Kate choked and gave a startled laugh, shaking her head. Doc laid the deck down, slumped back in his chair, and struck a match.

“Wha’s so funny, darlin’?” he asked, his words now more slurred than blurred.

Mumuring something in French, she leaned over the table to accept the light, twisting her neck to smile with luxurious satisfaction as her breasts came within inches of Eli’s face. Before she straightened, she looked the other way and kissed Bob Wright on the mouth. Then she moved behind Doc Holliday and bent to kiss his neck, before reaching around to place the lit cigarette between his lips.
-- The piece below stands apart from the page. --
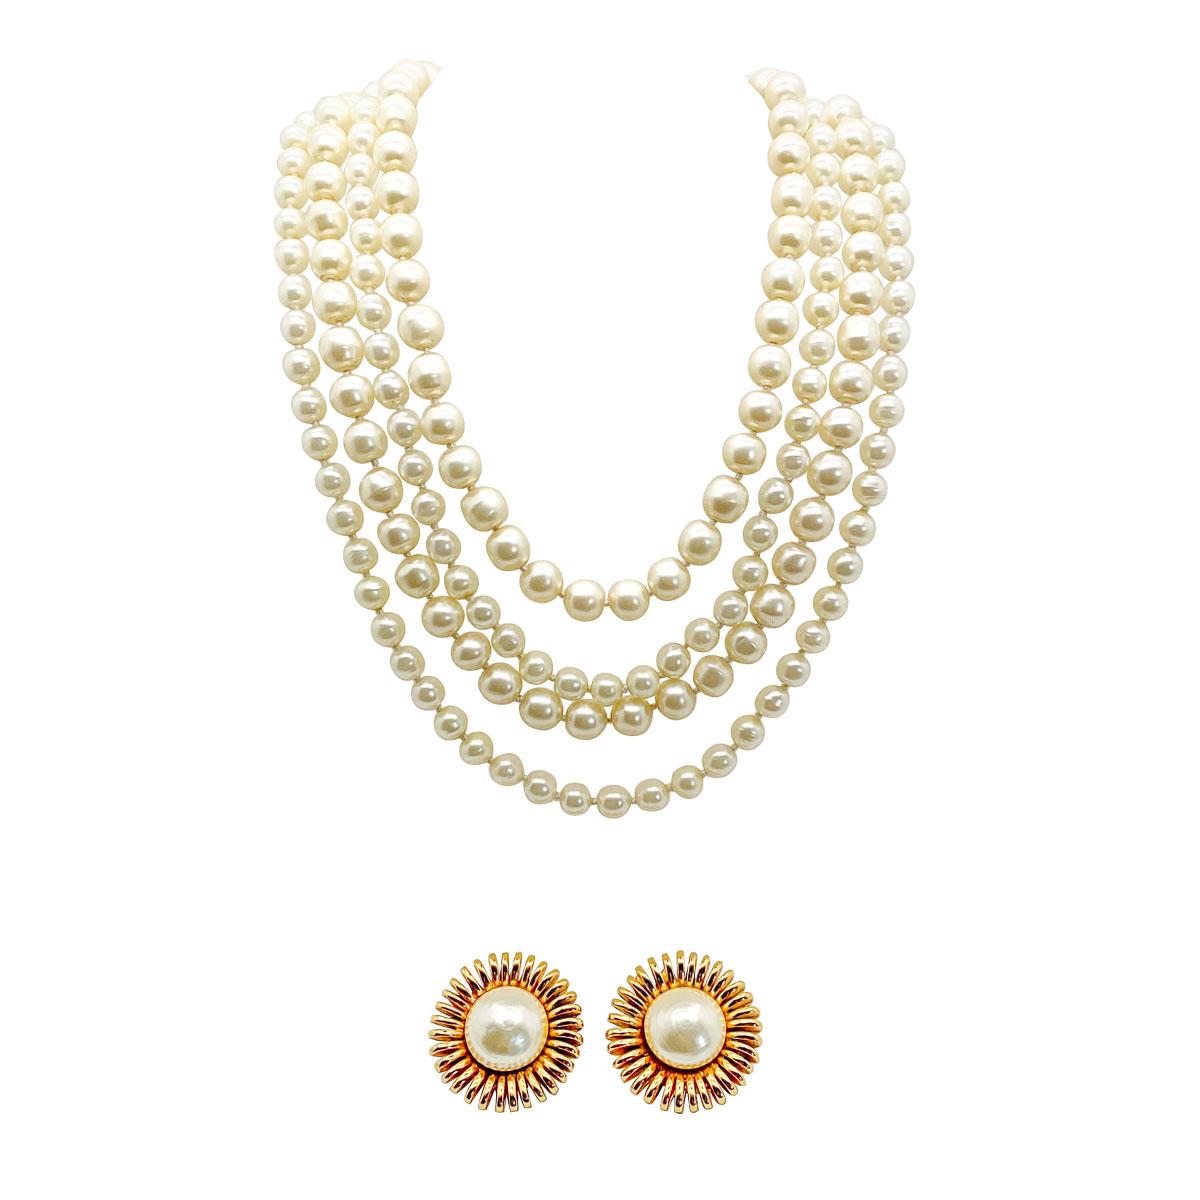 Ein wichtiges und sehr begehrtes Vintage Chanel Perlenkette und Ohrring Suite. Sie wird dem Maison Gripoix für das Haus Chanel und dem ersten Jahr des inzwischen legendären Karl Lagerfeld im Haus zugeschrieben.
Angefangen bei der beeindruckenden

“Why, thank you, darlin’,” Doc said, blind as Homer to her wantonness.

He picked up the deck again, but for the third time that night, drawing in the first smoke set off a coughing fit so violent, he was nearly shaken from his chair. Bent almost double, he turned from the table, unable to go on. It was appalling, and the rest of them just sat there, not knowing what to do.

“Jesus, Doc,” Kate whispered, pouring him a drink. Still coughing, he shook his head, watering eyes aimed at the floor. Then, to everyone’s horror, he hawked bloody phlegm into the brass spittoon at his feet.

Revolted, and having lost better than $4,700 to Eli and Bob, the second cattleman took that opportunity to gather his remaining chips and stand. “I’m afraid I’ve had enough,” he said.

“Not me,” Doc gasped, still game. Wiping his mouth, he turned back to the table, white-faced and blue-lipped. “Evenin’s hardly begun …”

Kate poured him another drink. Doc drained the glass she offered. Somewhat recovered, the dentist dealt. Two down, two up.